However, information on thyroid hormone levels in all these studies was collected at the same time point or at baseline; therefore, the results are limited to drawing strong conclusions on the association between changes in TSH and incidental NAFLD. LNTF can be transient or permanent and the study of TSH in serum is not perfect, since it has the potential to interfere with laboratory analyses; results must be interpreted according to the patient’s clinical context, compared with previous and repeated results. Therefore, because of its retrospective nature, a limitation in our study is that we lacked information about the consumption of drugs or supplements that may interfere with various steps of thyroid hormone metabolism that may increase the risk for hypothyroidism, including a history of previous surgery or radiation therapy on the thyroid gland or head and neck area, the presence of anti-thyroglobulin antibodies, and secondary or tertiary hypo/hyperthyroidism causes.
The United States Preventive Services Task Force (USPSTF) concludes that the current evidence is insufficient to assess the balance of benefits and harms of screening for thyroid dysfunction in nonpregnant, asymptomatic adults [11]. Nevertheless, people with subclinical hypothyroidism should undergo screening for NAFLD.
After correcting the mixed factors such as BMI, the results indicated that the risk of NAFLD with TSH levels above 2.5 was the same as for the general population. Higher (but lower than upper limit) levels of AST and ALT were independently associated with risk of NAFLD in LNTF patients. Statistically significant positive linear trends have been noted between elevated AST, ALT, and alkaline phosphatase concentrations and the presence of increasing numbers of metabolic abnormalities [40]. The exact pathophysiological mechanism of how increased liver markers are related to MS remains elusive. One possible explanation is that elevated liver markers are indicative of excess fat deposition in the liver, which is a characteristic sign of NAFLD. Another possible explanation is that elevated liver enzymes indicate liver inflammation, as suggested by Nakanishi et al. [41]. Still, further, Patel et al. reported that liver enzymes and MS risk may be linked with NAFLD and hepatic insulin resistance, in addition to excess visceral adiposity. The association of liver enzymes abnormalities and thyroid function has been described in patients with hypothyroidism in which higher levels of ALT and AST has been related with diminished lipid metabolism and hypothyroidism-induced myopathy, respectively, both conditions related to NAFLD development; however, in LNTF patients this association has not been fully described [42].
Early detection of abnormal thyroid function is of clinical relevance because people with subclinical hypothyroidism have a higher likelihood of progression to overt hypothyroidism than those with TSH levels <4.5 mIU/L. People with subclinical hypothyroidism should undergo screening for NAFLD as well [43]. The use of transient elastography as a diagnostic method for NAFLD to accurately measure hepatic steatosis and fibrosis, even in mild stages, represents a strength in our study. The discrepancies in the previous studies have been mainly due to the method used to diagnose NAFLD, the heterogeneity in defining LNTF, the demographic characteristics of the populations studied, the sample size, and the observational design of most studies, which complicates the comparison in order to determine an independent association.
There have been many studies on NAFLD and thyroid hormone, but the correlation between thyroid hormones within the euthyroid range and NAFLD has not yet been clarified.
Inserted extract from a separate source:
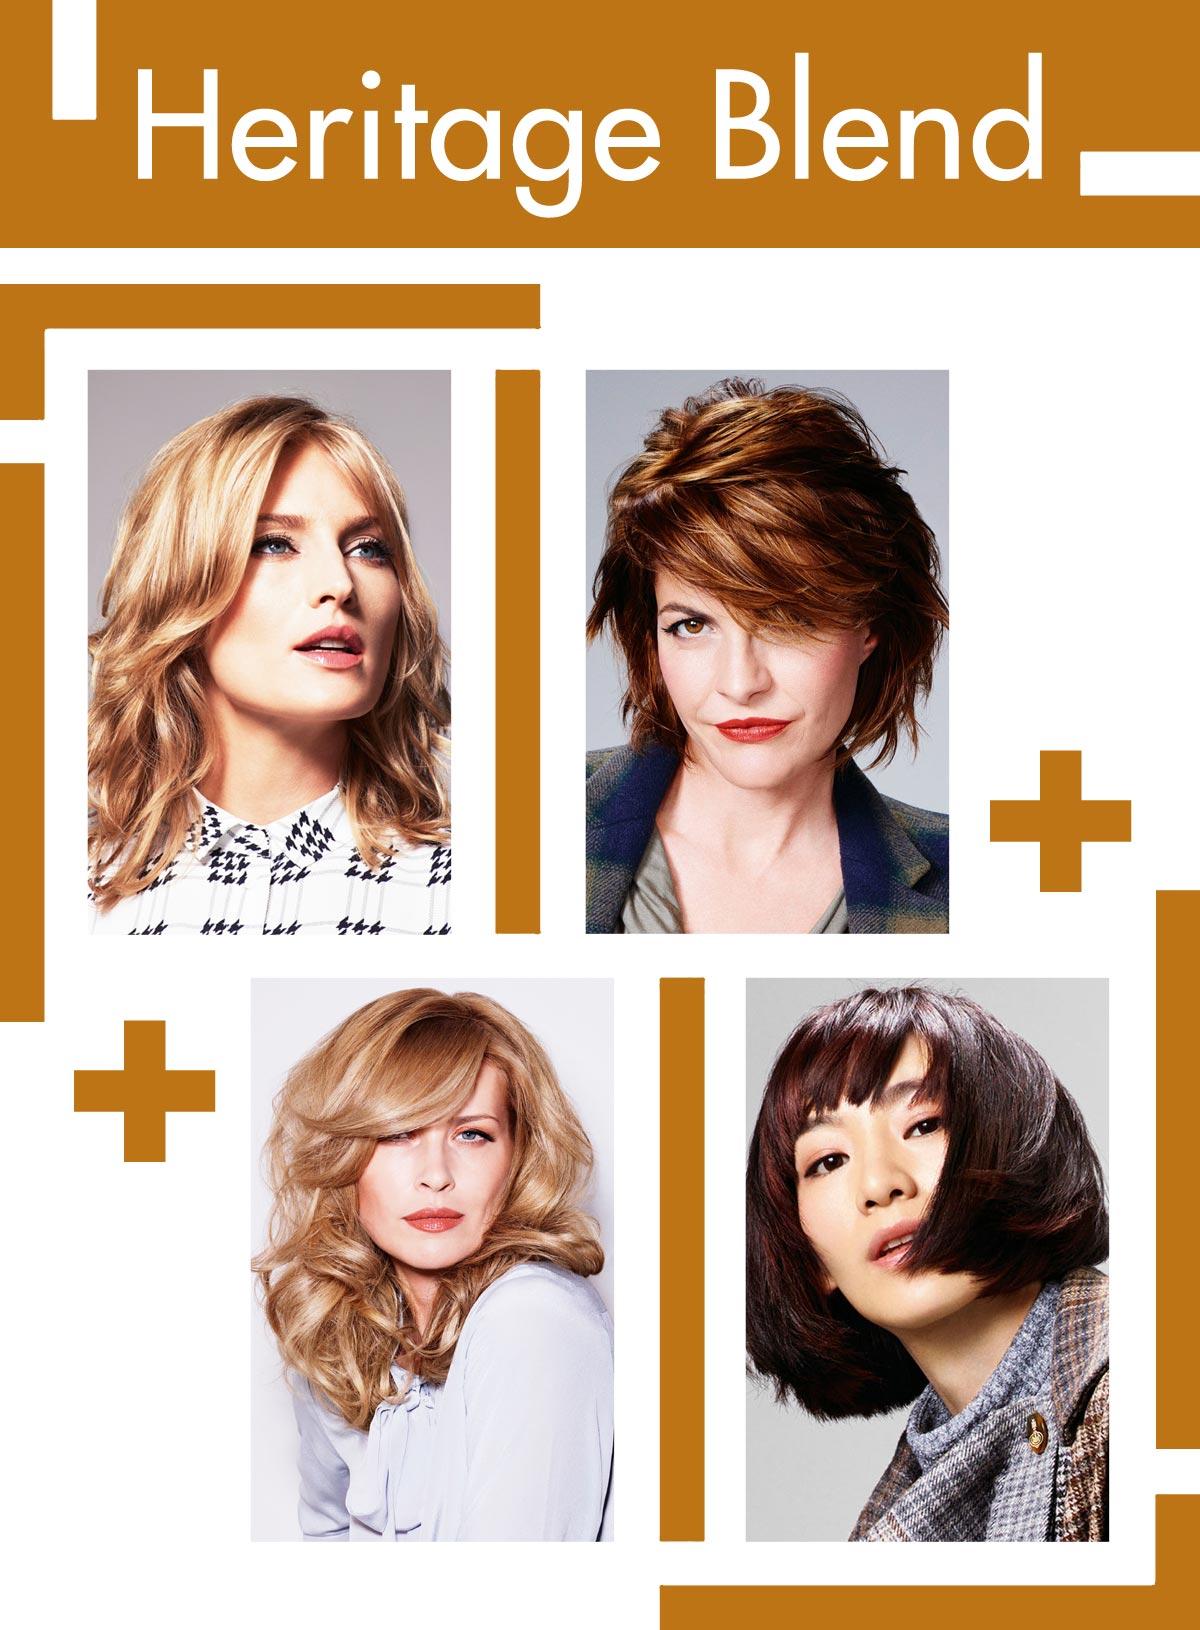 Trendy účesy pro starší ženy Schwarzkopf Professional – Heritage Blend.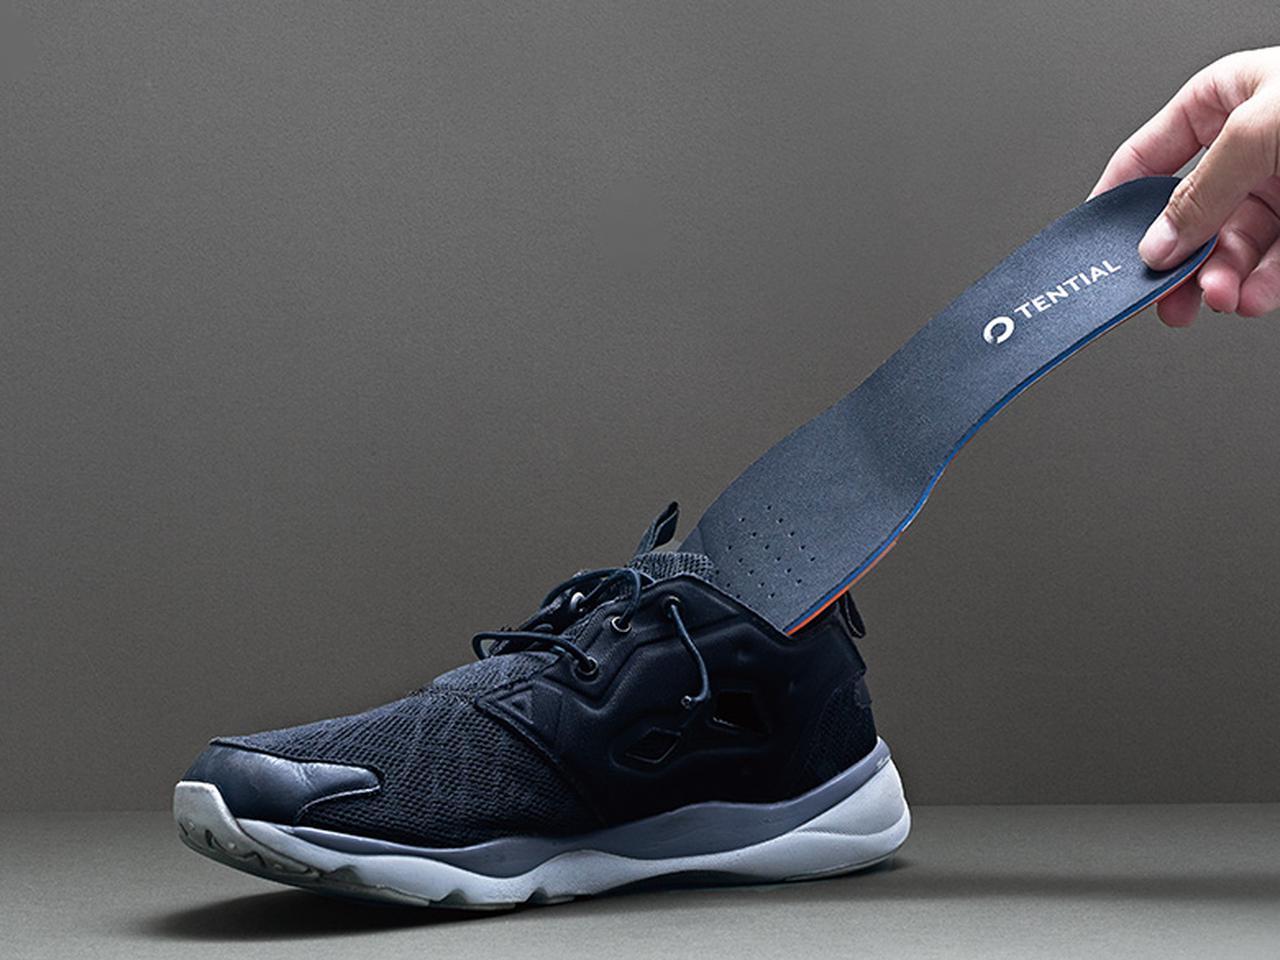 画像: ふだん履いている靴の中に入れるだけで日常の疲れ方が違ってくる。 スニーカーはもちろん、革のビジネスシューズに使うのもおすすめ 。

At present, fewer studies have explored the association between thyroid hormones and NAFLD severity in euthyroid subjects. In this study, we investigated the relationship between LNTF and the occurrence of NAFLD in euthyroid individuals with the aim of providing insights into new predictors and treatment targets for NAFLD.
As strengths, in our study, liver steatosis was determined by CAP, which have a similar diagnostic accuracy than magnetic resonance and higher than other non-invasive methods, specifically abdominal ultrasound, of which results are operator dependent. On the other hand, for our patients who do not have overt hypothyroidism, an endocrinopathy may make the association with NAFLD clearer, but it is still controversial.

5. Conclusions

LNTF was not independently associated with the presence of NAFLD or MAFLD. Patients with LNTF have the same risk for NAFLD as the general population. Further large clinical trials are required to identify more modifiable risk factors for NAFLD.
Low thyroid function is a phenomenon that could not be related with NAFLD; nonetheless, the presence and severity of other metabolic abnormalities (primarily obesity) associated with the development of NAFLD could increase TSH levels, increasing the risk for NAFLD due to interplay mechanisms of thyroid and liver dysfunction. It is unknown if these interplays are linear or bidirectional; however, we observed that a high percentage of body fat is an independent factor associated to NAFLD in increasing cut-off points of TSH. These patients could have an increased risk of progression of liver disease to steatohepatitis and fibrosis; therefore, follow-up studies are needed to elucidate the relationship between LNTF and NAFLD.

Author Contributions

Conceptualization, J.Z.-V., L.M.-C. and E.J.-H.; methodology, J.Z.-V., I.L.-M. and E.J.-H.; formal analysis, J.Z.-V., I.L.-M. and E.J.-H.; investigation, J.Z.-V. and L.M.-C.; resources, M.H.R.-O. and M.U.; data curation, J.P.S.-M. and A.V.-A.; writing—original draft preparation, J.Z.-V. and L.M.-C.; writing—review and editing, J.Z.-V., E.J.-H. and I.L.-M.; supervision, M.U.; project administration, M.H.R.-O. All authors have read and agreed to the published version of the manuscript.

Funding

This research reveived no external funding.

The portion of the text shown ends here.